Solution: Maintenance Boundaries
The RockSolid maintenance jobs automatically monitor their own performance and "work rate" to make adjustments about what indexes can be rebuilt within the allocated window. RockSolid will not attempt to rebuild indexes that it does not calculate can be completed within the window. Secondly the RockSolid jobs are aware of the maintenance boundaries allocated and will self-terminate if those boundaries are exceed. Finally for each database an external monitoring process also is watching over maintenance processes and these will automatically terminate any maintenance session running outside the allocated boundaries. There is no specific configuration required by the admin team to enable these protections other than defining the maintenance windows themselves in the RockSolid GUI.
Solution: Effective use of Maintenance Time
When RockSolid is given a maintenance window to use, at run time it carries out an analyses of a number of factors to determine which indexes will provide the most return in terms of performance, given the time allocated to the maintenance process. RockSolid evaluates factors such as fragmentation, index usage, index size and of course the time allocated to determine what is the best “bang for your buck”. The time allocated is important because RockSolid will never exceed the boundaries of a maintenance window, for any type of maintenance process that is managed by RockSolid.
RockSolid also provides feedback on the windows you have allocated to the database for maintenance. Are the windows too large/too many? Are their too few maintenance windows? A recommendation may be that you will see an estimated n% improvement in performance by adding a 30 minute daily maintenance window as apposed to a once off weekly window, for example. RockSolid pro-actively provides this analysis and feedback, and is constantly re-evaluating the maintenance requirements for the lifetime of a database.

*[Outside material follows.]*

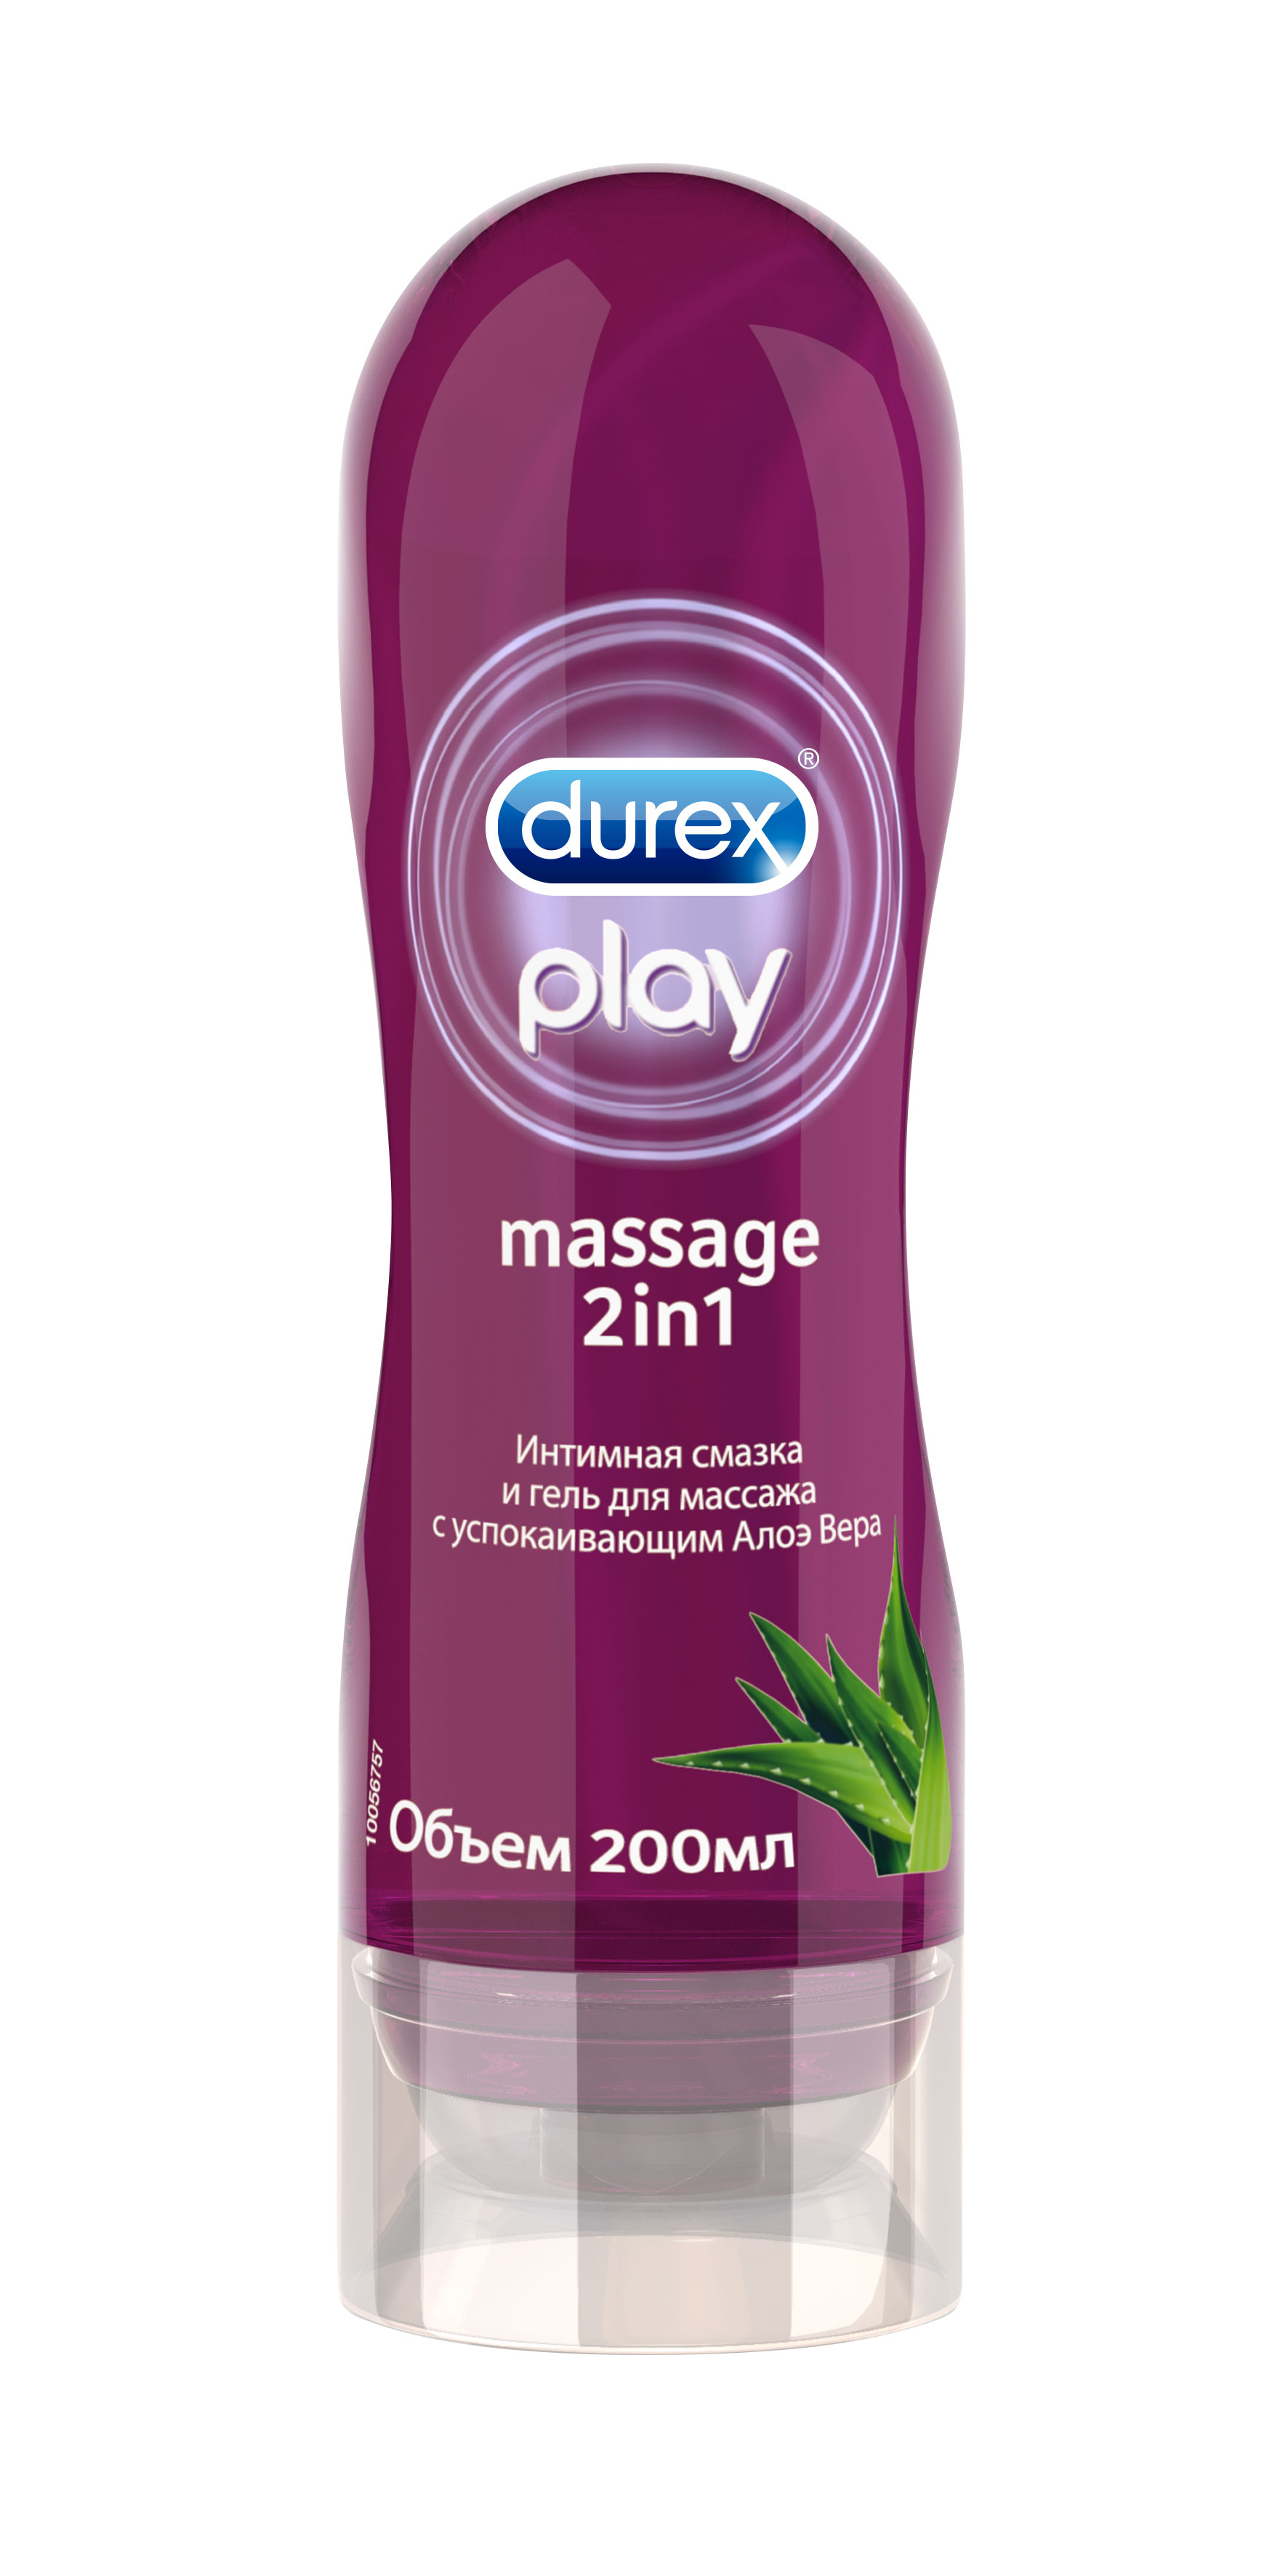 Массажные смазки. Гель-смазка Durex Play massage 2in1 sensual.

Solution: Effective Index Structuring
RockSolid looks at all factors necessary to decide the most appropriate use of Fill Factors (index usage, read/write ratios, time to next maintenance window etc) and rebuild options (sort in tempdb, online/offline based on the window type) to ensure every index is rebuilt using an optimal strategy, not only for the rebuild itself but for the performance of that index for it’s intended purpose following the rebuild.

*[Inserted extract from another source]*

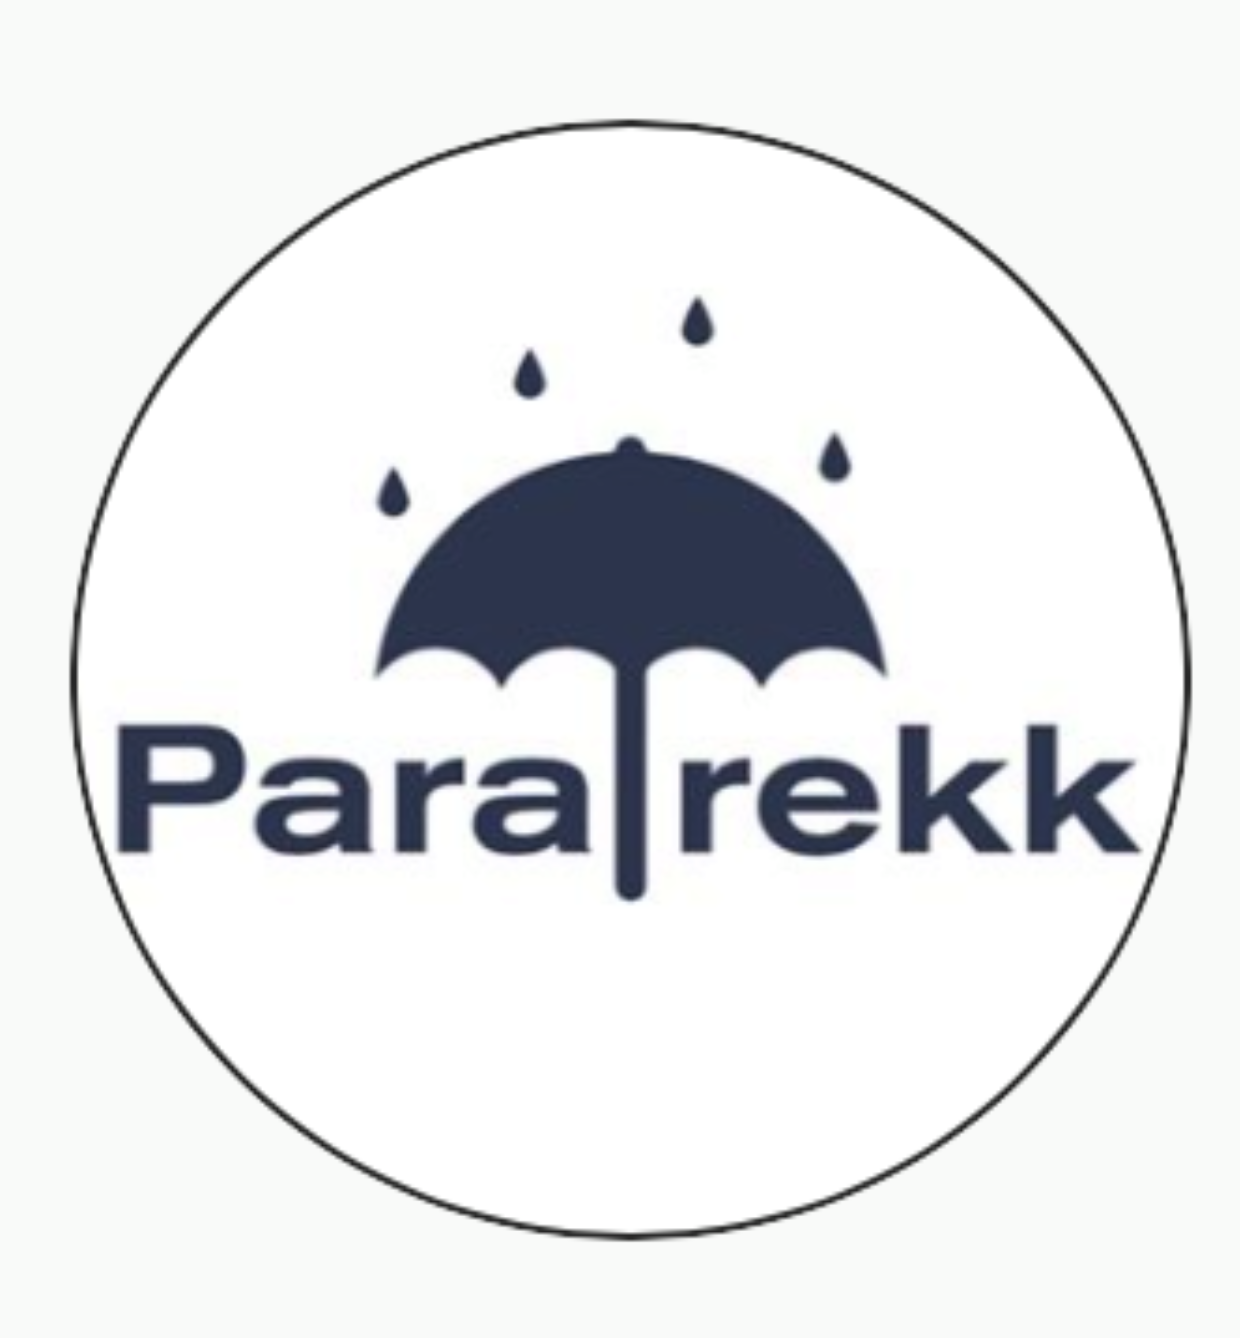 Paratrekk UB logo

Solution: Maintenance Capacity Management
The RockSolid index maintenance process has logic where it can selectively run the database transaction log backups more frequently during index maintenance. Whenever rebuilding large indexes which will cause a significant increase in log size, RockSolid will kick of extra transaction log backups. These extra log backups proactively remove the committed rebuild operations from the logs allowing new rebuilds to occupy that log space without necessarily requiring the log to grow.
As an extra protection, if disk space is becoming low and log backup space is exhausted then RockSolid will terminate the database index maintenance process. This logic attempts to avoid the worst possible situation, the log backup disk is full and the database transaction log is full with no space available to clear it via backup - this commonly would result in a database outage.
This approach is redefining how database maintenance is performed, resulting in improvements in availability of the database, but also resulting in improved performance of the database through more effective index management.